What is Known About Teacher Value-Added Estimates from Different Tests?
In this section, we discuss the research studies that compared value-added calculated with one test to value-added calculated for the same teachers using a different test. These studies found the correspondence between the two sets of value-added estimates to be moderate at best. (In the next section, we discuss possible reasons for these differences.)
The Measures of Effective Teaching (MET) Project calculated teacher value-added scores using state accountability tests and, separately, using project-administered tests in grades four through eight in six school districts. The study used the correlation coefficient to describe the level of agreement between the two measures for each teacher. A value of 1 represents perfect correspondence, and a value of 0 means no correspondence. The MET Project found that the correlation between value-added using the two different tests administered to the same class of students was 0.38 for math and 0.21 for reading. Associations in this range typically are considered weak: teachers with value-added in the top quartile on the state reading test would have about a 40 percent chance that their value-added on the alternative test would be below the 50th percentile.

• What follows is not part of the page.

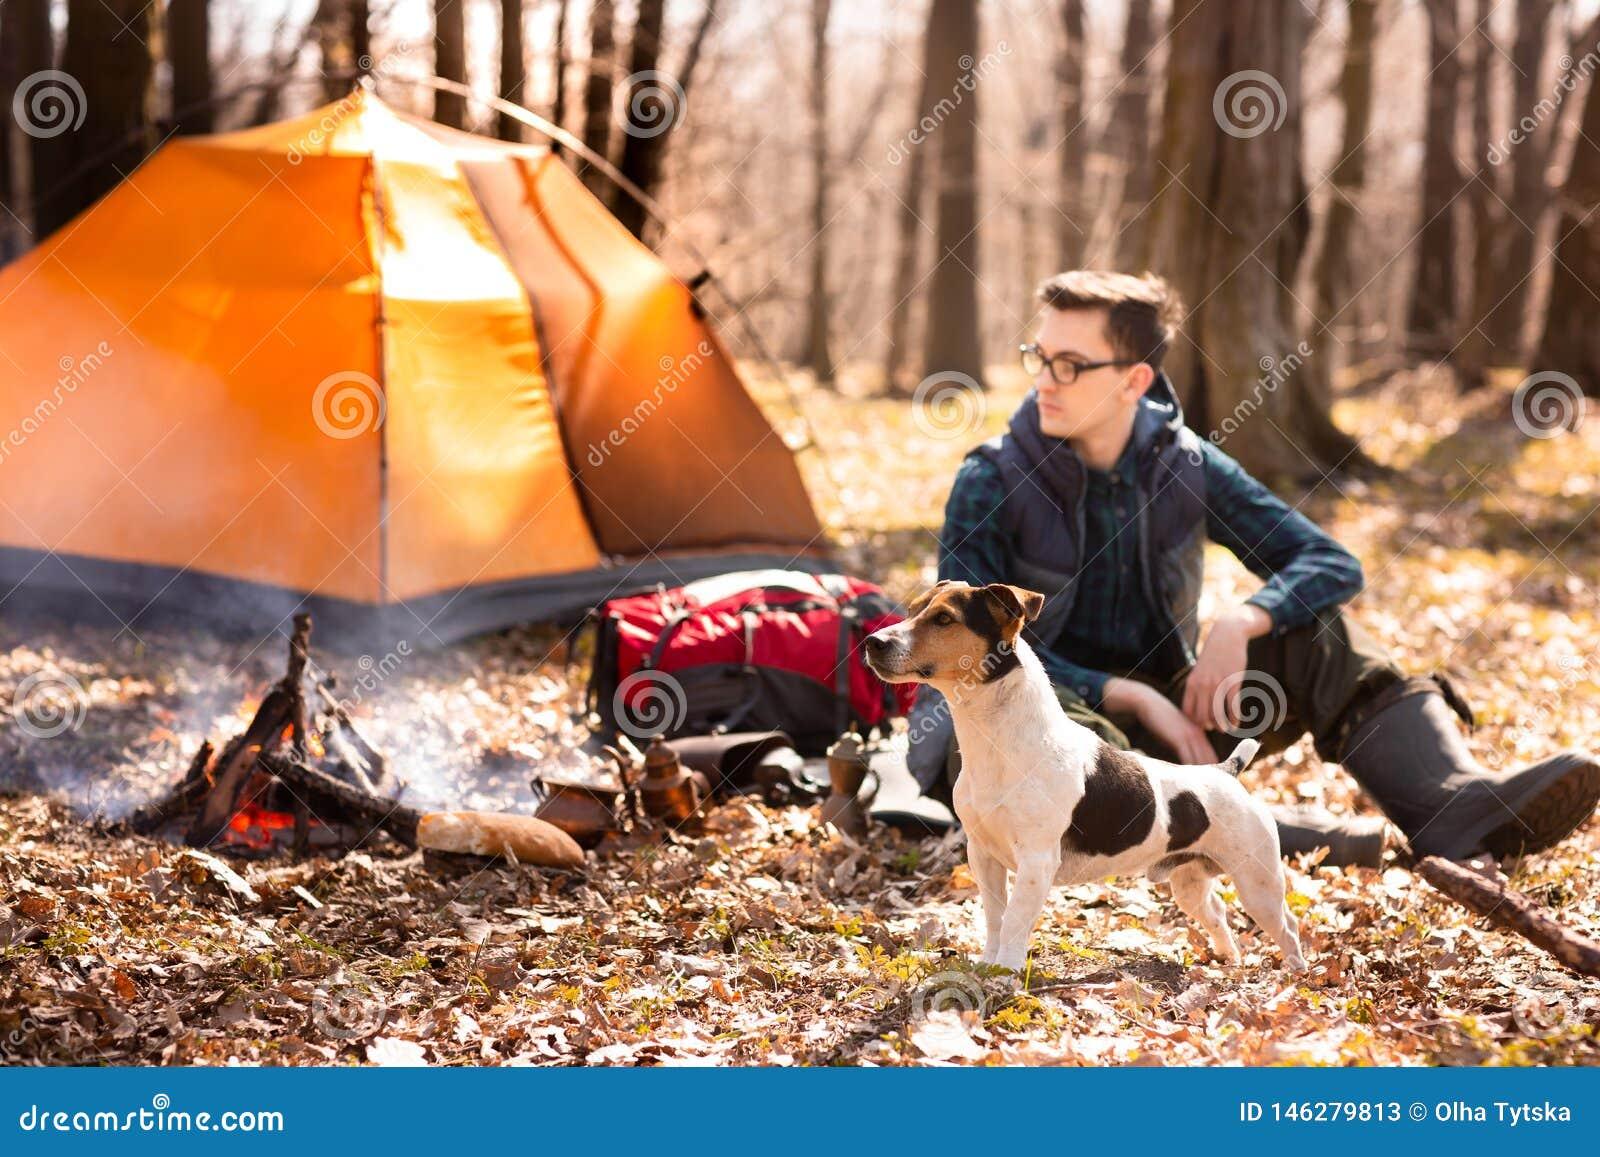 Foto de um turista com um c?o, descansando na floresta perto do fogo e da barraca alaranjada

Researchers also have taken advantage of the multiple tests administered by some states and school districts to investigate how much value-added changes when it is calculated with different tests. The studies used data from Hillsborough County, Florida; Houston, Texas; and a large urban district in the Northeast. In Hillsborough County, students completed two tests administered by the state: the Sunshine State Standards Test, a criterion-referenced test that assessed student mastery of Florida standards and served as the primary test for school accountability, and a norm-referenced test used to compare Florida students with those in other states. In Houston, students completed the state accountability test and a standardized norm-referenced test administered by the district. In the Northeast urban district, students completed the state test and two tests administered by the district: a standardized norm-referenced test in reading and math and a separate reading test. Each of the studies presented the correlation between teachers’ value-added based on the state accountability test and the alternative test. The studies found that correlations ranged from .20 to .59. The highest correlation coefficients were for math and reading teachers in Houston – .59 for math and .50 for reading – where value-added was calculated by pooling up to eight years of data for a teacher. The smallest values, of around .20, were for reading teachers in the Northeastern city. That case compared value-added on the state test, which was administered in the spring, to value-added on a test administered by the district the following fall. It used only one year of data from both tests.

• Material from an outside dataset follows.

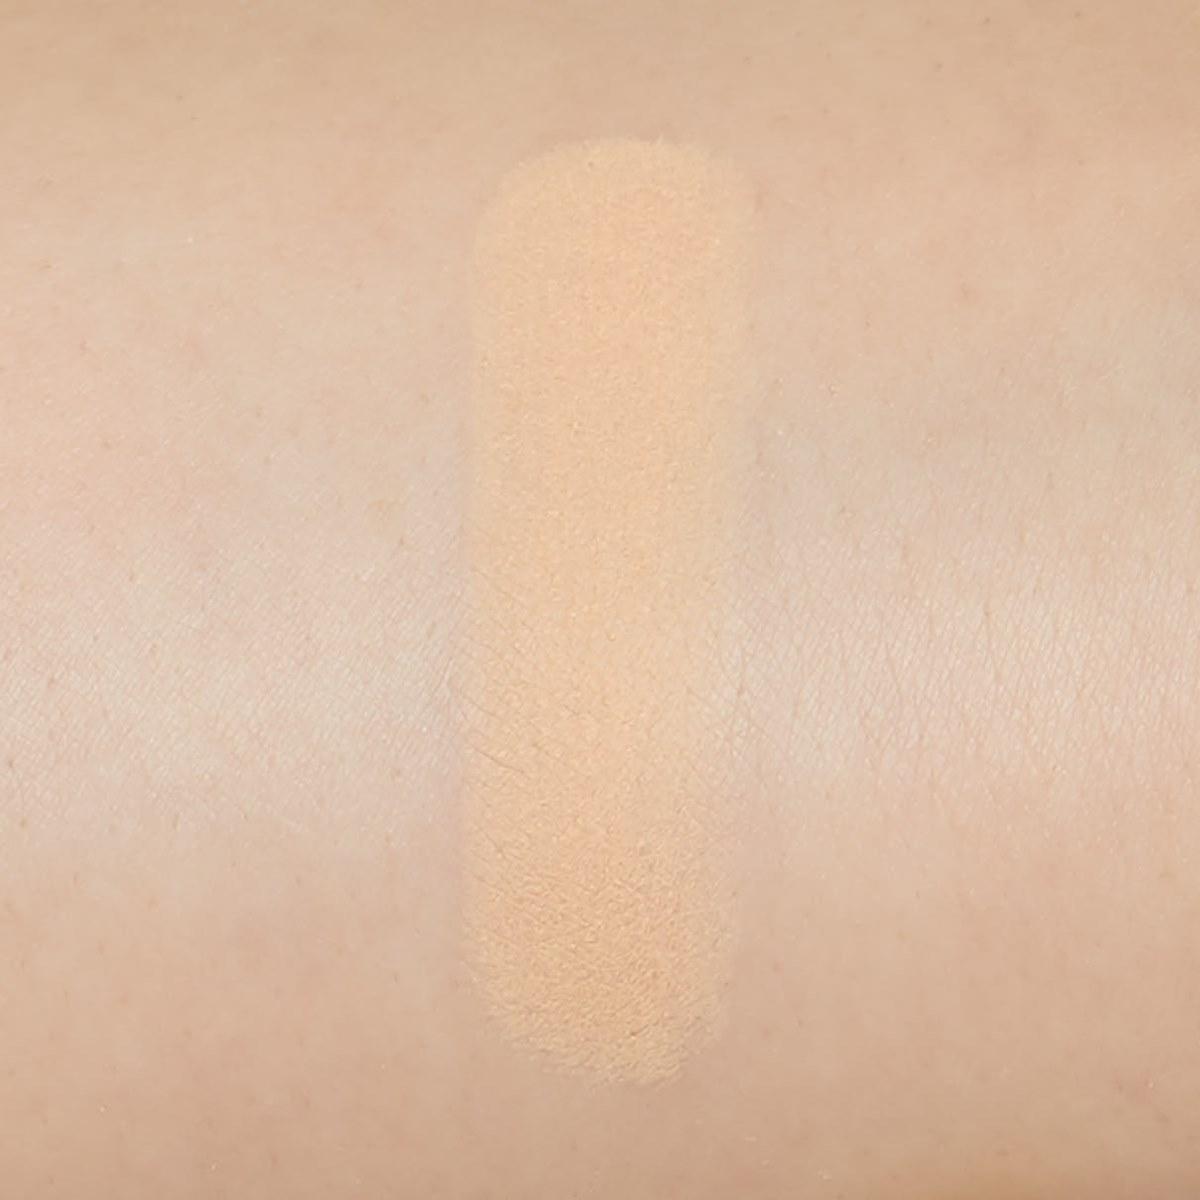 自然に肌をカバーするCEZANNE(セザンヌ)『UVファンデーションEX プラス EX2 ライトオークル』をご紹介に関する画像6

Taken together, this evidence suggests that a teacher who taught the same curriculum to the same students, and who is rated at a given level based on value-added calculated from one test has a strong likelihood of earning a different level based on value-added calculated from a different test.
Why is value-added sensitive to the test?
No standardized achievement test covers all the content and skills that a student might learn in a year. Consequently, value-added from one test might not fully reflect a teacher’s effectiveness at promoting learning. It will not include content or skills not covered by the test. However, a teacher’s effectiveness at teaching the content on one test may be very similar to her effectiveness at teaching the content on other tests. That is, a “good teacher” is a “good teacher” regardless of the content, skills or the test. Alternatively, some teachers may be more effective at teaching some content and skills and less effective at others. A teacher may be good at teaching mathematical computations but less good at teaching problem-solving. If value-added scores from different tests lead to different conclusions about a teacher, then we may worry that value-added from any single test provides an incomplete picture of a teacher’s effectiveness, and that using it to make decisions about teachers may be inefficient or, for some teachers, unfair.
From the results of the studies mentioned above, we might at first conclude that value-added on one test is a poor measure of a teacher’s effectiveness at teaching the content and skill measured by other tests. However, we consider six possible reasons for the weak correspondence between value-added calculated with two different tests: 1) the timing of the tests; 2) statistical imprecision; 3) test content; 4) the cognitive demands of the tests; 5) test format; and 6) the consequences of the test for students, teachers, or schools. These other possible reasons have different implications for what value-added from one test might tell us about a teacher. We will discuss each in turn:
- Test timing. We have seen that the lowest correlation between value-added calculated with two different tests was for tests administered at two different times in the school year, one in the fall and the other in the spring. Thus, value-added scores are sensitive to the timing of the tests, and any comparisons of value-added among teachers or for the same teachers across years should use tests given at the same time of the school year. Should states use fall-to-fall or spring-to-spring testing? There is no research on whether testing in either period leads to value-added scores that better reflect teachers’ true effectiveness; however, spring tests do allow for calculating value-added closer to when the students were in their teachers’ classes.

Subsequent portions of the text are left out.